But by the time the Yom Kippur War broke out nobody could continue to feign ignorance of the fact that Black September was Fatah, just as Fatah and its sister organisations were a completely integrated arm of the Arab states. There, each new operation was greeted with public approval and enthusiasm. The only Arab government that officially announced its active role in the world-wide operation of Black September was.2 In fact, all the requirements of the terrorists were placed at their disposal by one or another of the Arab states as required, and the embassies of the Arab states, in carefree disregard of all international agreements and procedures, became bases for terrorist activities.3

Arab perpetrators of terrorist acts found sanctuary, when they needed it, in the Arab states (except Jordan). In some cases, they were given public receptions as heroes; in others, they were quickly removed from the public eye and returned to their base. Sudan had reacted to the murder of the diplomats and had responded to the horror-stricken reactions in the United States by emphatic, unequivocal, and repeated undertakings to punish the murderers. But in fact, after a while, the Sudanese government packed the murderers off to Egypt where Sadat freed them without fuss.
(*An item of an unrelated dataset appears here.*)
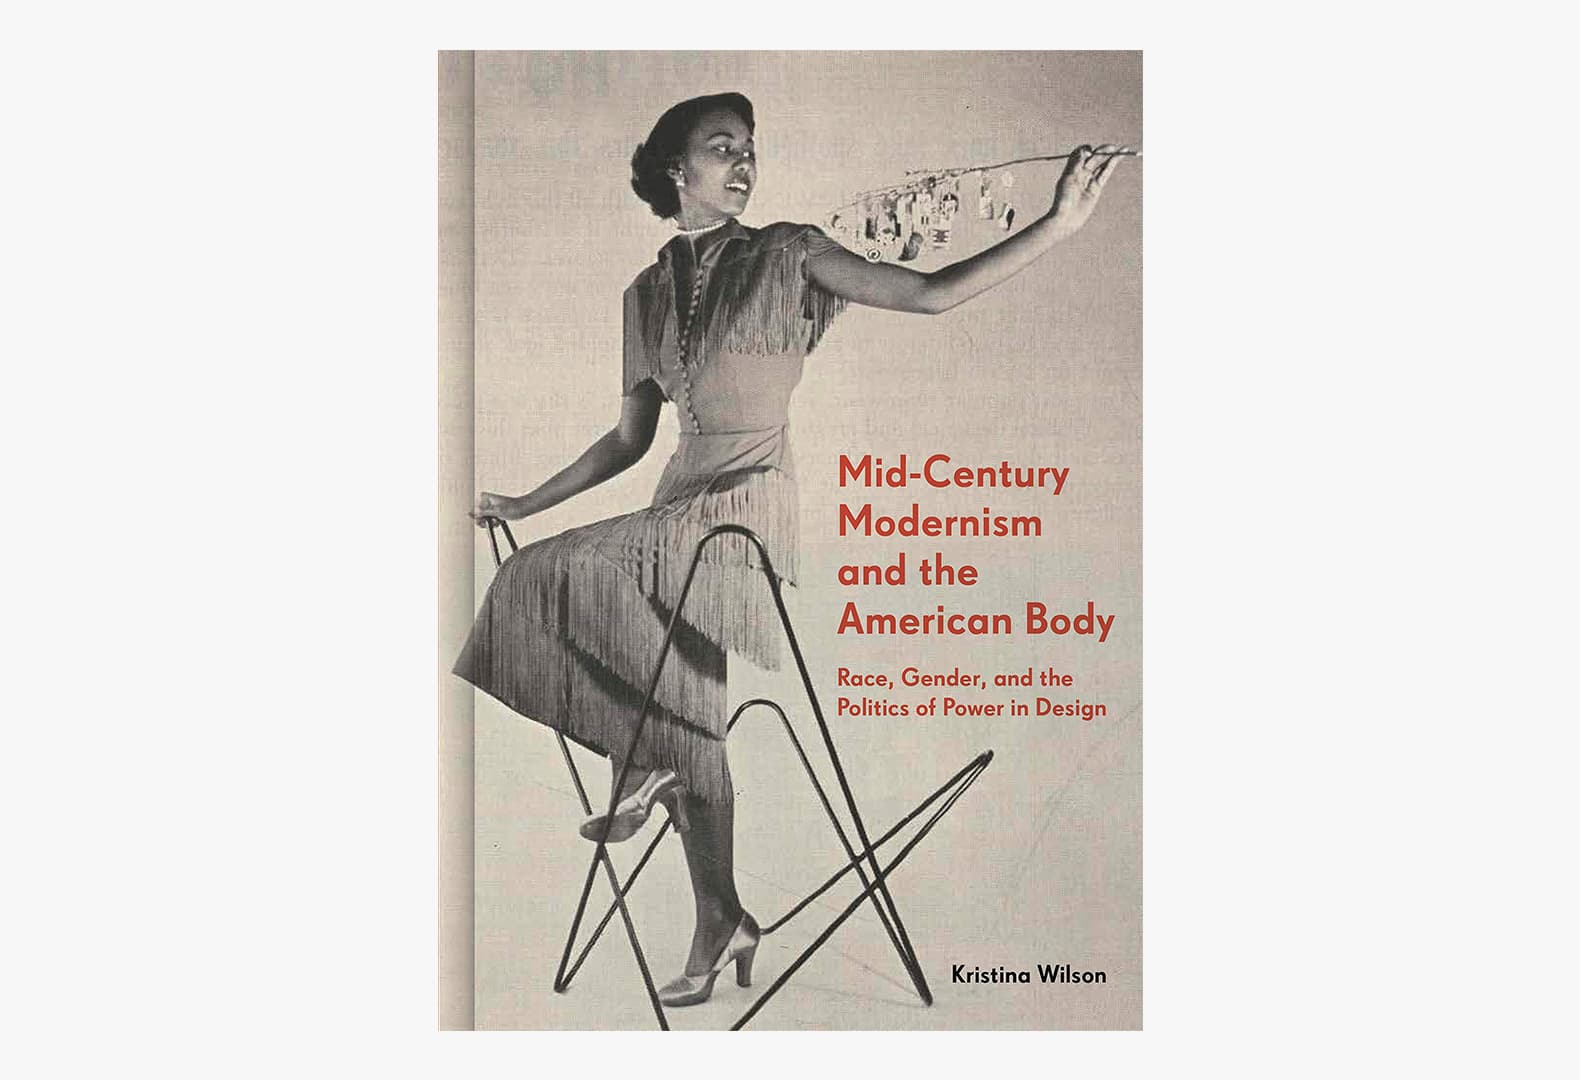 Mid-Century Modernism and the American Body. Race, Gender and the Politics of Power in Design, Princeton University Press 2021

The Yom Kippur War presented Yasser Arafat and his organisation with a great opportunity. Suddenly the Israeli Army was engaged heavily on two fronts and was plunged into dire difficulties. Large numbers of Israeli Reserve soldiers were being moved to the fronts, and civilian life in Israel was suddenly in a state of upheaval. Here was a favourable, even ideal, set of circumstances for major action-to set up a third front: to divert Israeli forces to the "Fatah front" on the Lebanese border, to attack Israeli Army installations and forces behind the lines in Judea and Samaria and indeed on the roads and in the cities of Israel. This is what might have been expected by those throughout the world who, on radio and television and in the newspapers, absorbed the daily ration of information on the size and prowess of the Palestinians. Nothing of the sort happened, however. Neither Fatah nor any of its sister organisations played any noticeable part in Yom Kippur War.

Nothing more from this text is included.